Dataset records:
****
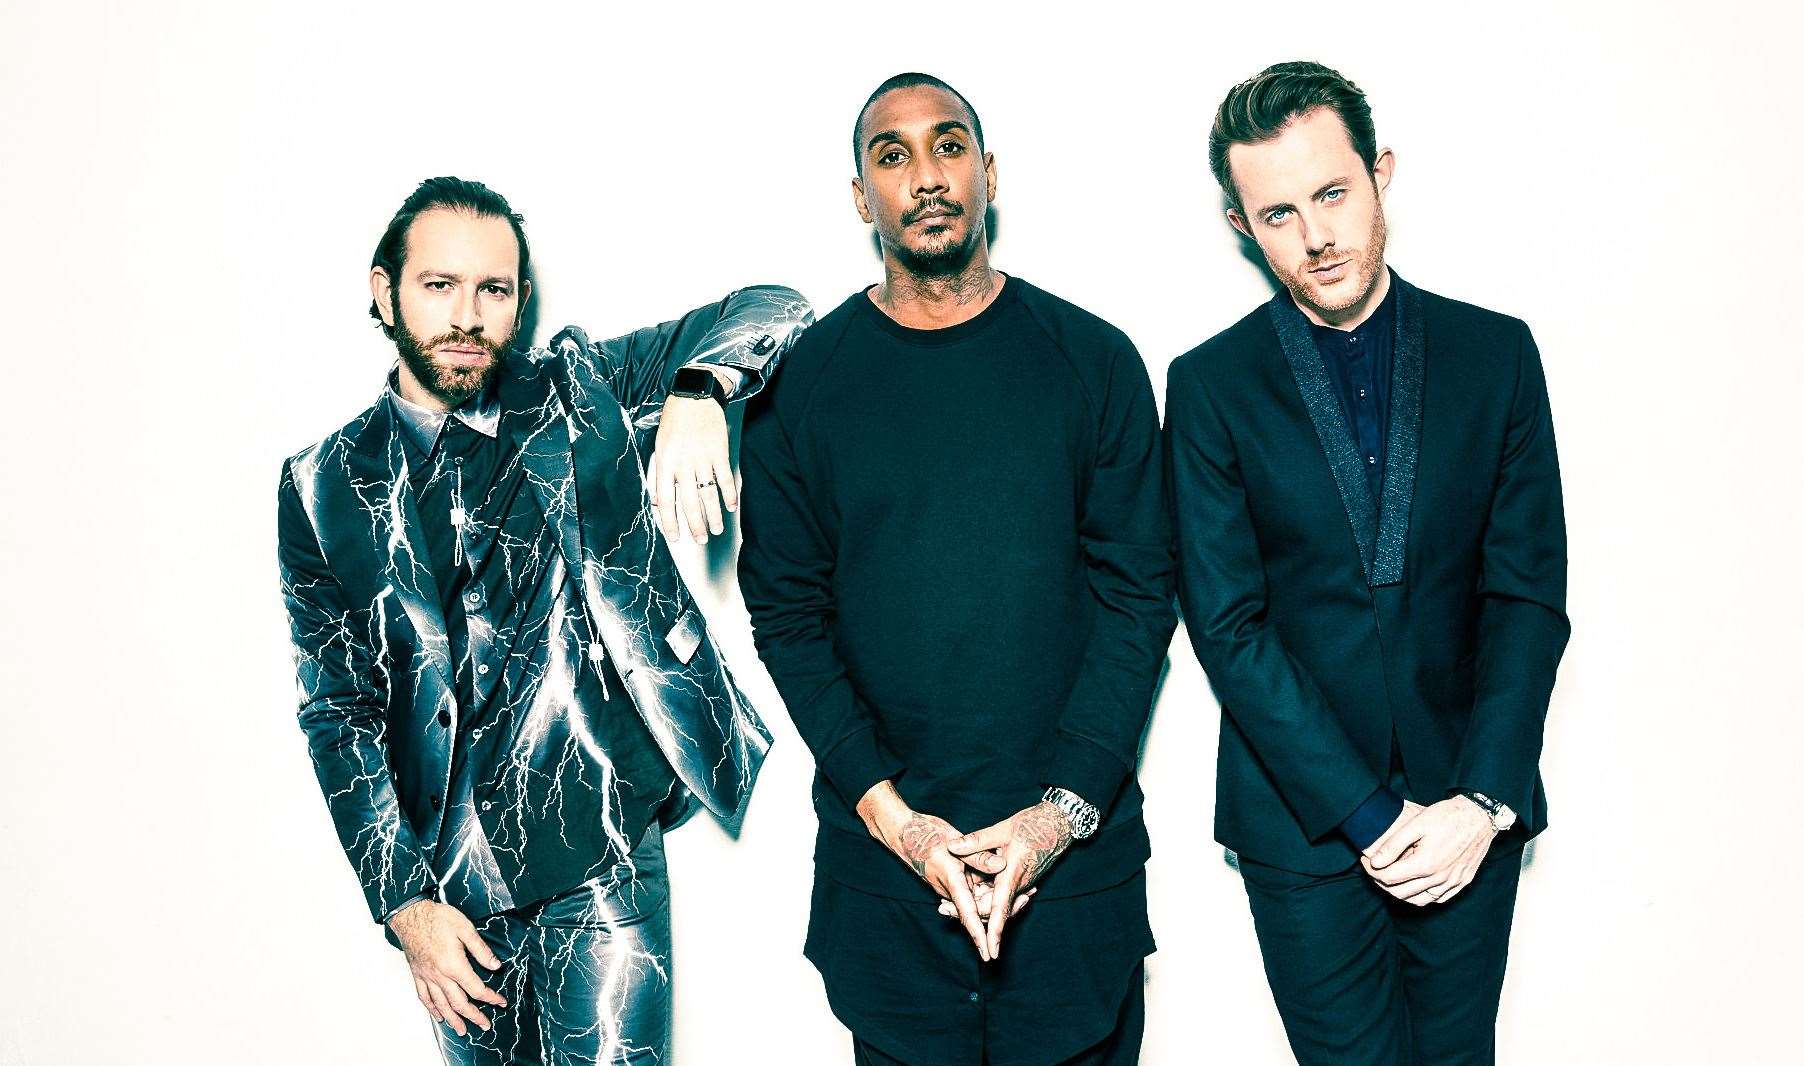 Chase & Status will perform
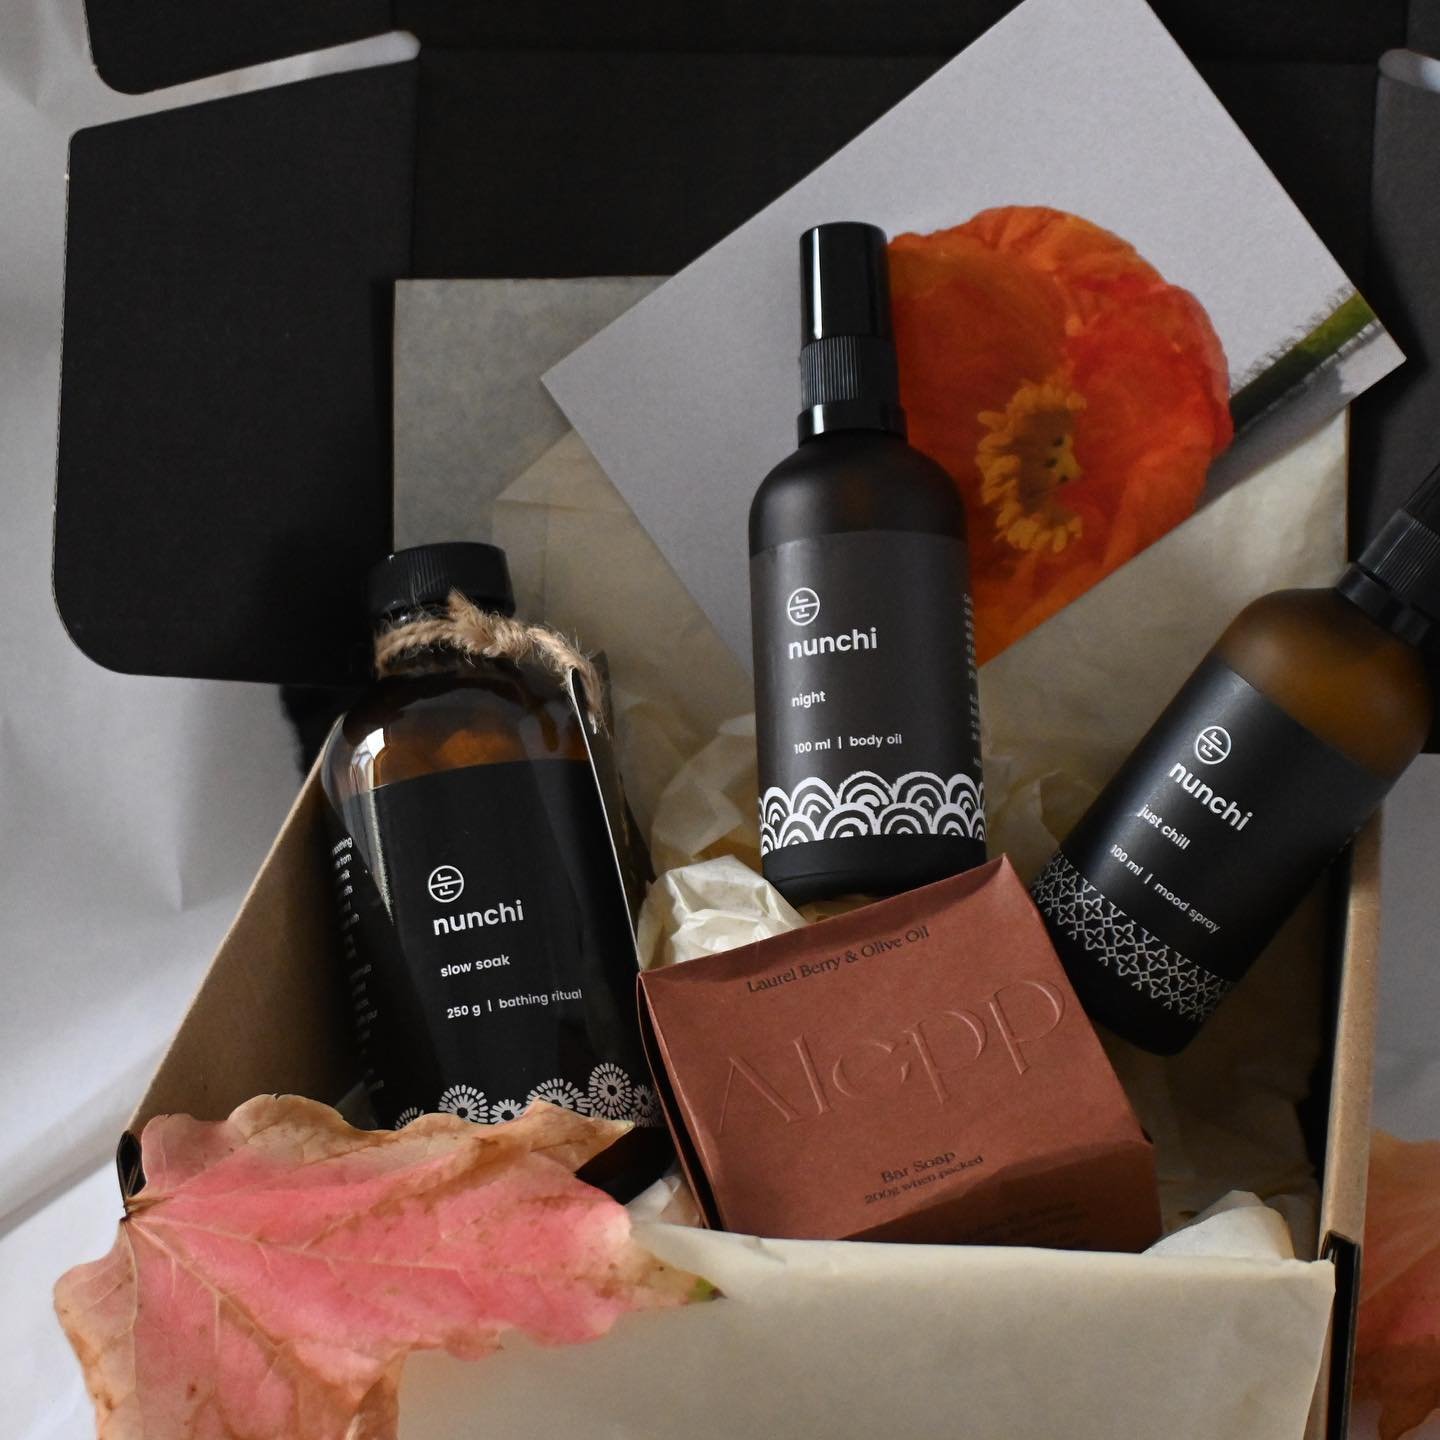 Our new gift offering :

The gift of &lsquo;SPACE&rsquo;

Space to pause,
Space to take a quiet moment,
Space to breathe deeply and slowly,
Space to soften and nourish your soul.

Includes: Slow soak bath milk, Alepp soap, Night organic body oil, Jus
****
Print exactly the first line of the entries and every line after it through the one that contains "Space to soften and nourish your soul.", leaving the pictures out.

EXERCISE ANSWER:
 Chase & Status will perform
 Our new gift offering :

The gift of &lsquo;SPACE&rsquo;

Space to pause,
Space to take a quiet moment,
Space to breathe deeply and slowly,
Space to soften and nourish your soul.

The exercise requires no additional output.